В 1822-м он получает Старо-Оскольский полк, но после 14 декабря попадает под следствие: некий майор пишет на него донос, Дубельта вызывают в столицу; однако рокового второго обвиняющего показания не появилось, и дело обошлось… Впрочем, фамилию Дубельт занесли в известный Алфавит , список лиц, так или иначе замешанных в движении декабристов. Непосредственный начальник Дубельта, командир дивизии генерал Желтухин, судя по сохранившейся его переписке, был тип ухудшенного Скалозуба и полагал, что
„надобно бы казнить всех этих варваров-бунтовщиков, которые готовились истребить царскую фамилию, отечество и нас всех, верных подданных своему государю; но боюсь, что одни по родству, другие по просьбам, третьи из сожаления и, наконец, четвертые, как будто невредные, будут прощены, а сим-то и дадут злу усилиться и уже они тогда не оставят своего предприятия и приведут в действие поосновательнее, и тогда Россия погибнет“.
Понятно, как такой генерал смотрел на реабилитированного полковника, и в 1829 году последний вынужден был подать в отставку.
Отметим дату: четвертый год правления Николая I, идет война с турками в защиту греков, работает „Тайный комитет“ (образованный 6/XII 1826 года), о котором, впрочем, все знают (по формуле знаменитой французской писательницы госпожи де Сталь — „в России все тайна и ничего не секрет“ ). Комитет разрабатывает реформы, и даже многие непробиваемые скептики склонны преувеличивать размеры и скорость грядущих преобразований.
Именно в это время Пушкин еще пишет о своей „надежде славы и добра“.

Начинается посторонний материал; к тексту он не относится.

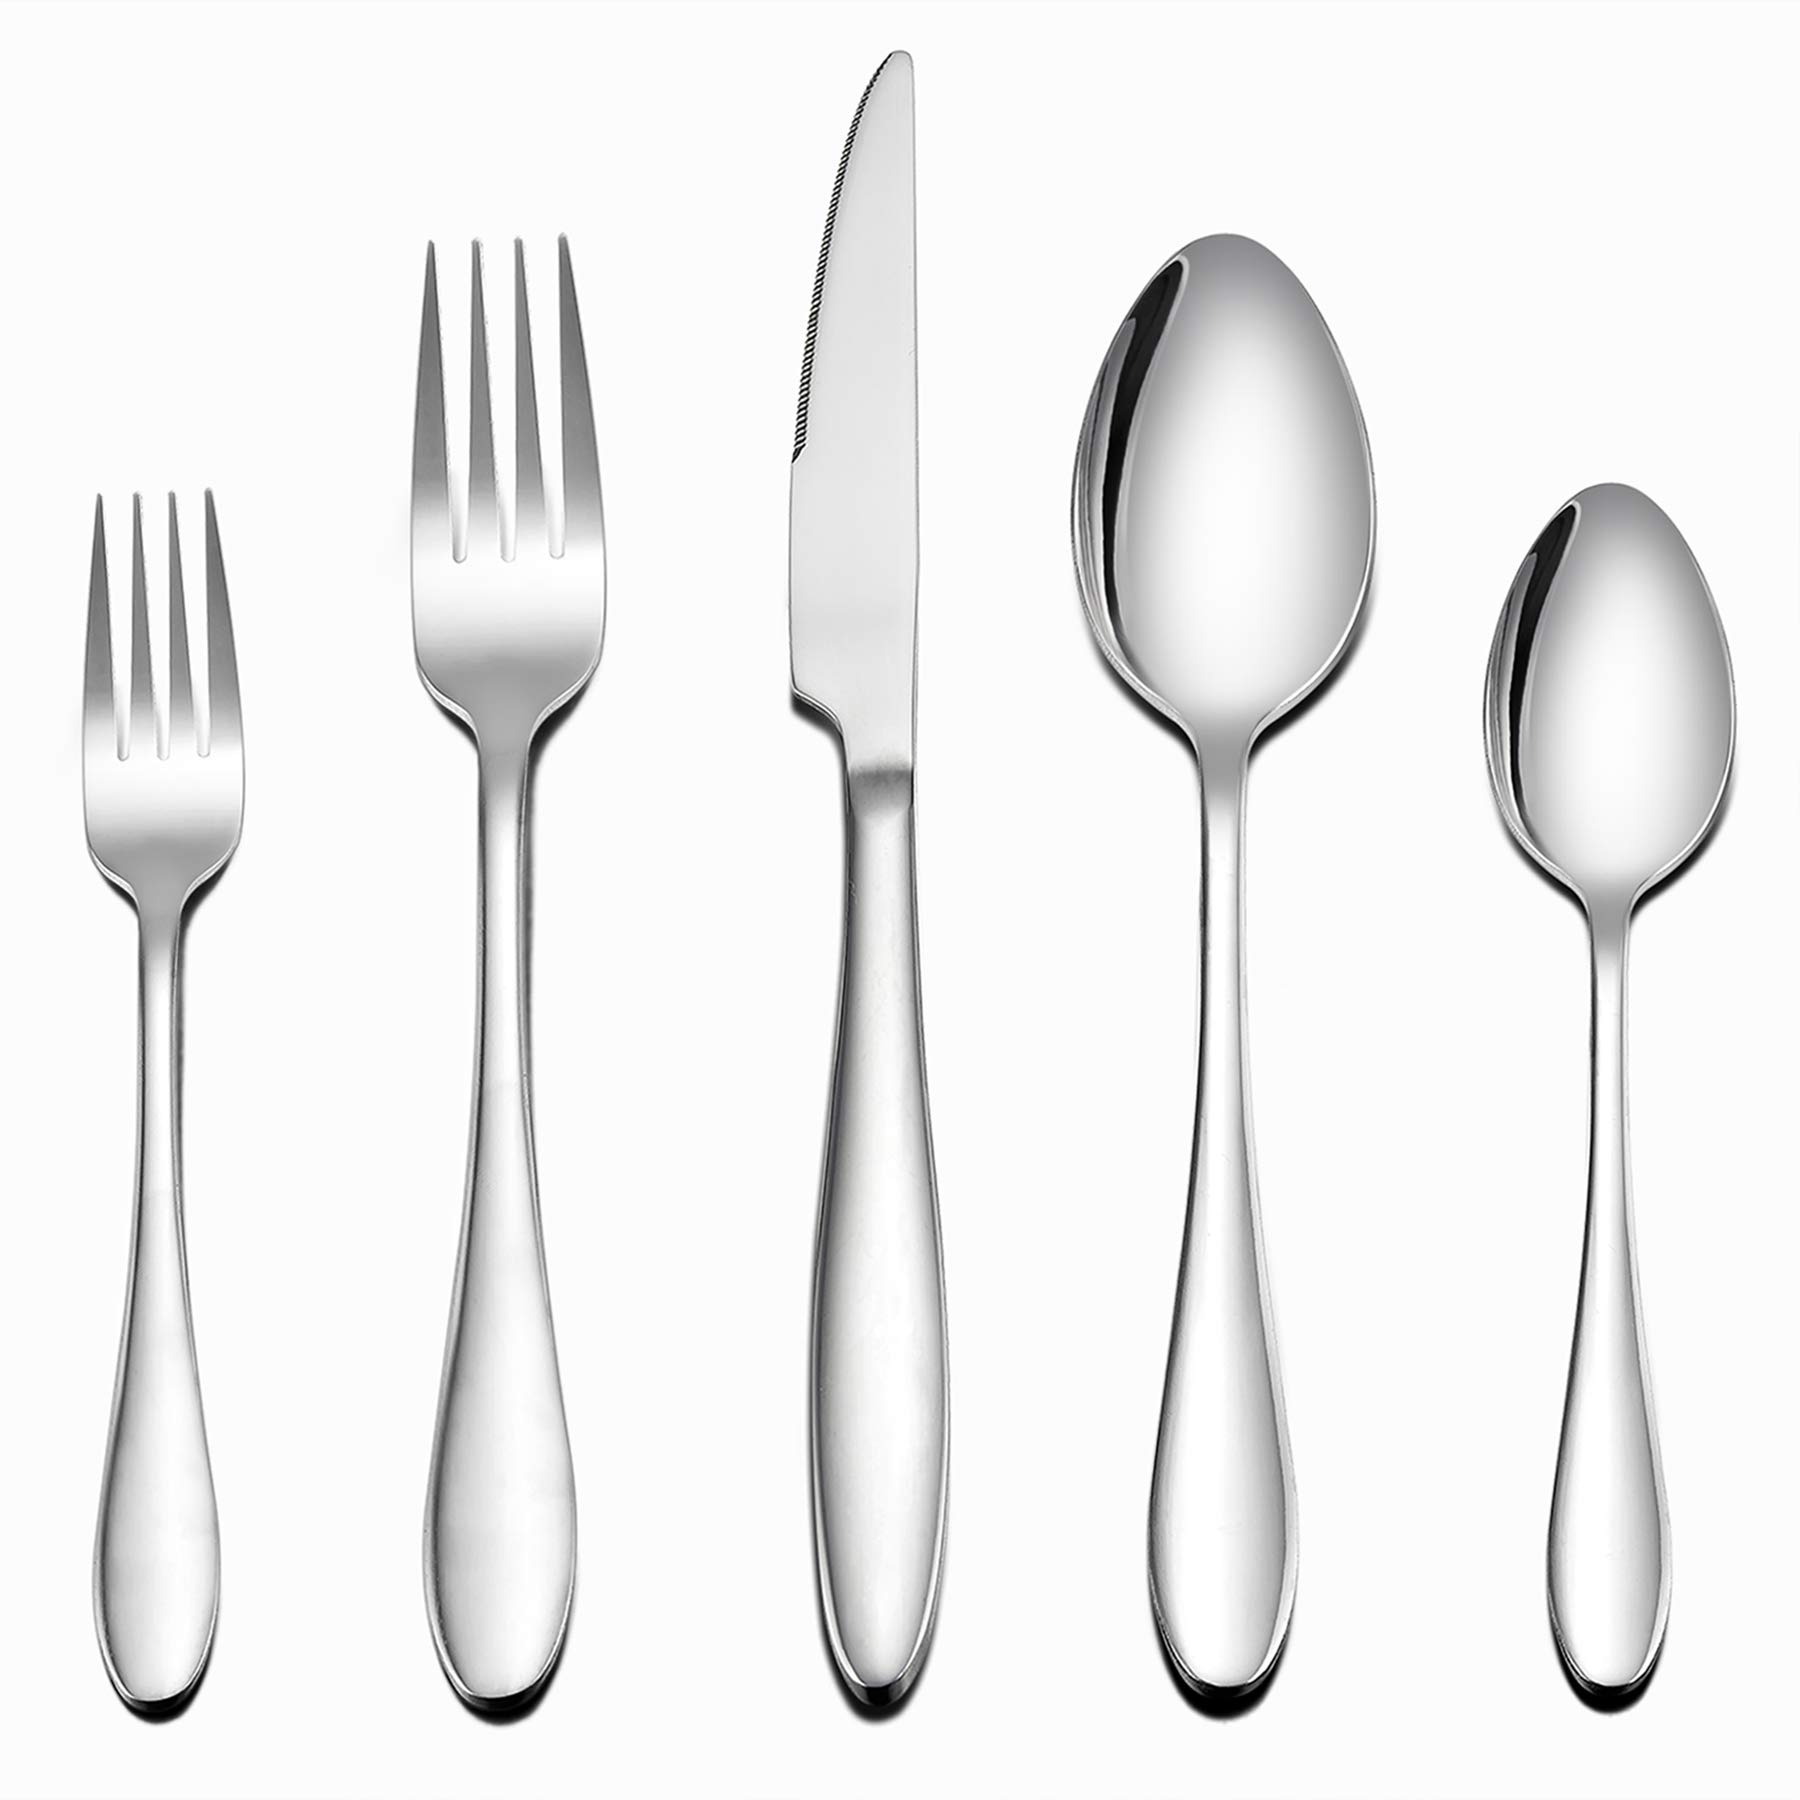 LIANYU 60-Piece Silverware Flatware Set for 12, Stainless Steel Home Kitchen Hotel Restaurant Cutlery Set, Eating Utensils, Mirror Finished, Dishwasher Safe

Предвидеть резкое торможение реформ после европейских революций 1830–1831 годов, предсказать „заморозки“ 1830-х и лютые николаевские морозы 1840-1850-х могли немногие. Эпоха обманывала, люди обманывались; многие хотели обмануться — „обманываться рады“.
Если из головы 37-летнего полковника еще не выветрились вольные декабристские речи и мечтания, то все равно он, как и большинство сослуживцев, наверняка считал, что наступило неплохое время для службы — России и себе — и грустно быть не у дел. Родственники Дубельта вспоминали, что „бездеятельная жизнь вскоре показалась ему невыносимой“. К тому же, по-видимому, и семейные финансы требовали подкрепления постоянной службой. В поисках новой фортуны Дубельт в 1830 году оказывается в столице, и тут от графа Бенкендорфа (очевидно, через Львова, приятеля Дубельтов) поступает предложение — из отставного полковника переделаться в полковника жандармов: имеется должность жандармского штаб-офицера в Твери, то есть нужно там представлять III отделение собственной его императорского величества канцелярии, благо в Тверской губернии находятся Рыскино и другие деревни Дубельтов.

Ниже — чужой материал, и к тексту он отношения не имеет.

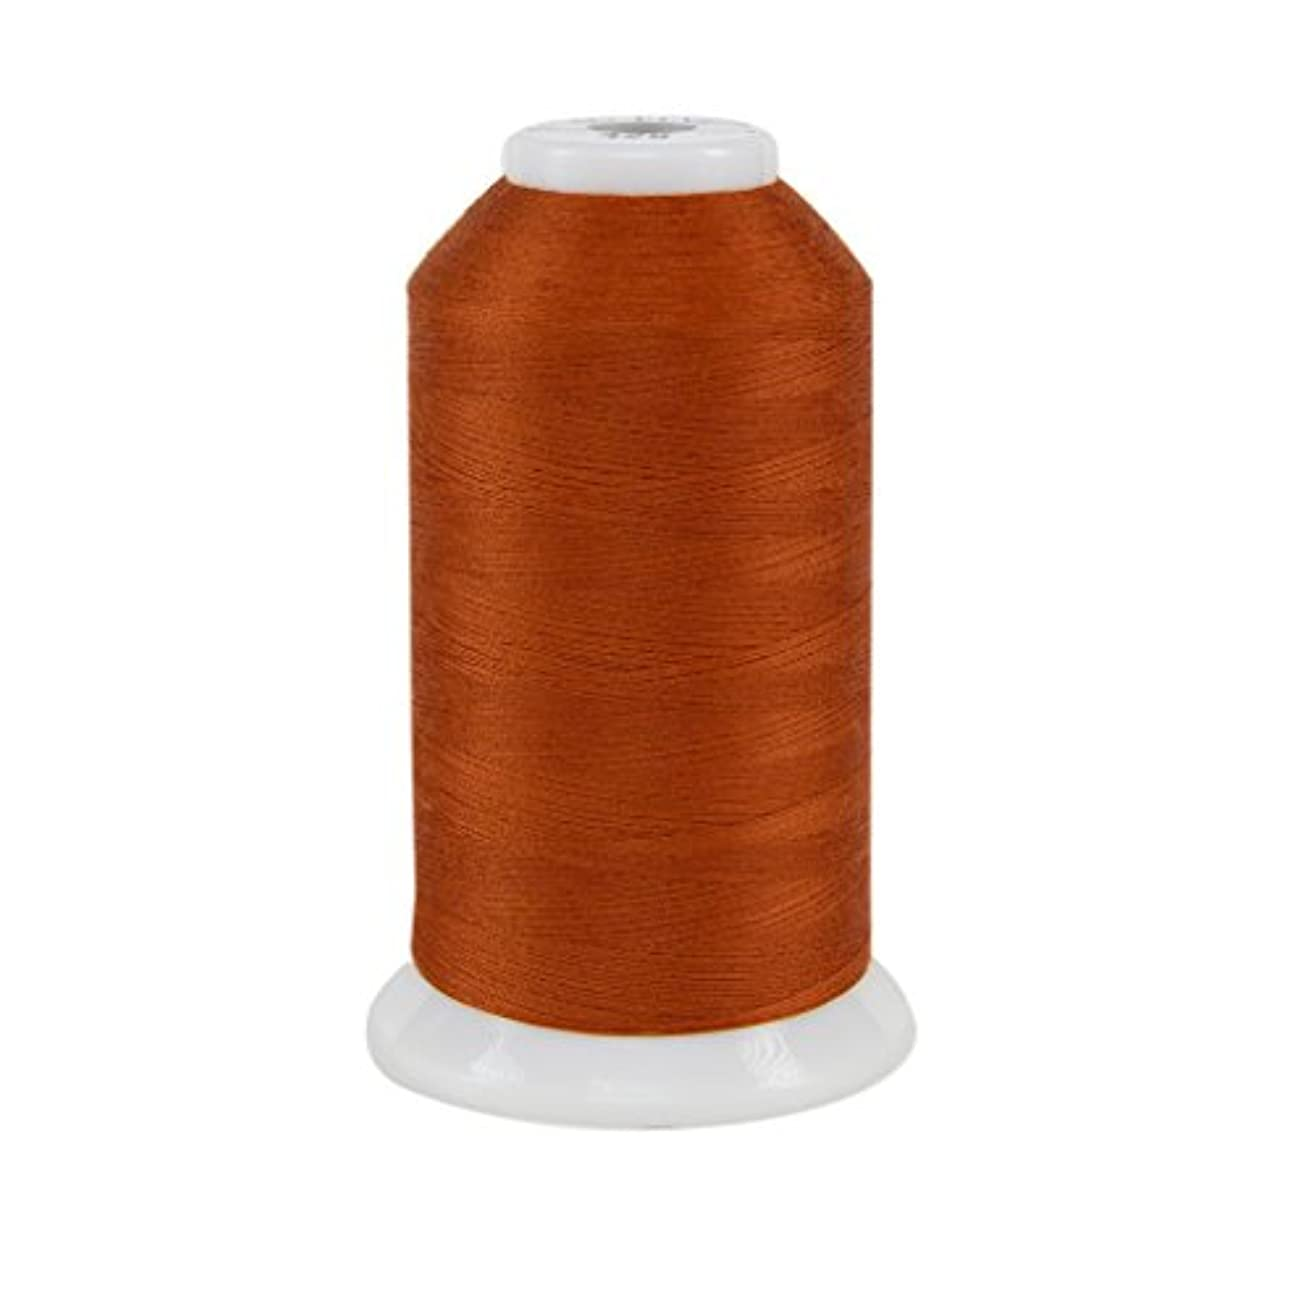 Superior Threads 11602-429 So Fine Pumpkin 3-Ply 50W Polyester Thread, 3280 yd

Через полвека потомки опубликовали кое-какую семейную переписку, относящуюся к тому решающему моменту в биографии Леонтия Васильевича. Он сообщил жене в тверскую деревню о неожиданной вакансии. Анна Николаевна, долго воспитывавшаяся среди людей, говоривших о жандарме презрительно или в лучшем случае небрежно, была сперва не в восторге от новостей и написала мужу: „Не будь жандармом“.
Леонтий Васильевич отвечал неожиданно:
„Ежели я, вступя в корпус жандармов, сделаюсь доносчиком, наушником, тогда доброе мое имя, конечно, будет запятнано. Но ежели, напротив, я, не мешаясь в дела, относящиеся до внутренней политики, буду опорою бедных, защитою несчастных; ежели я, действуя открыто, буду заставлять отдавать справедливость угнетенным, буду наблюдать, чтобы в местах судебных давали тяжебным делам прямое и справедливое направление, — тогда чем назовешь ты меня? Не буду ли я тогда достоин уважения, не будет ли место мое самым отличным, самым благородным?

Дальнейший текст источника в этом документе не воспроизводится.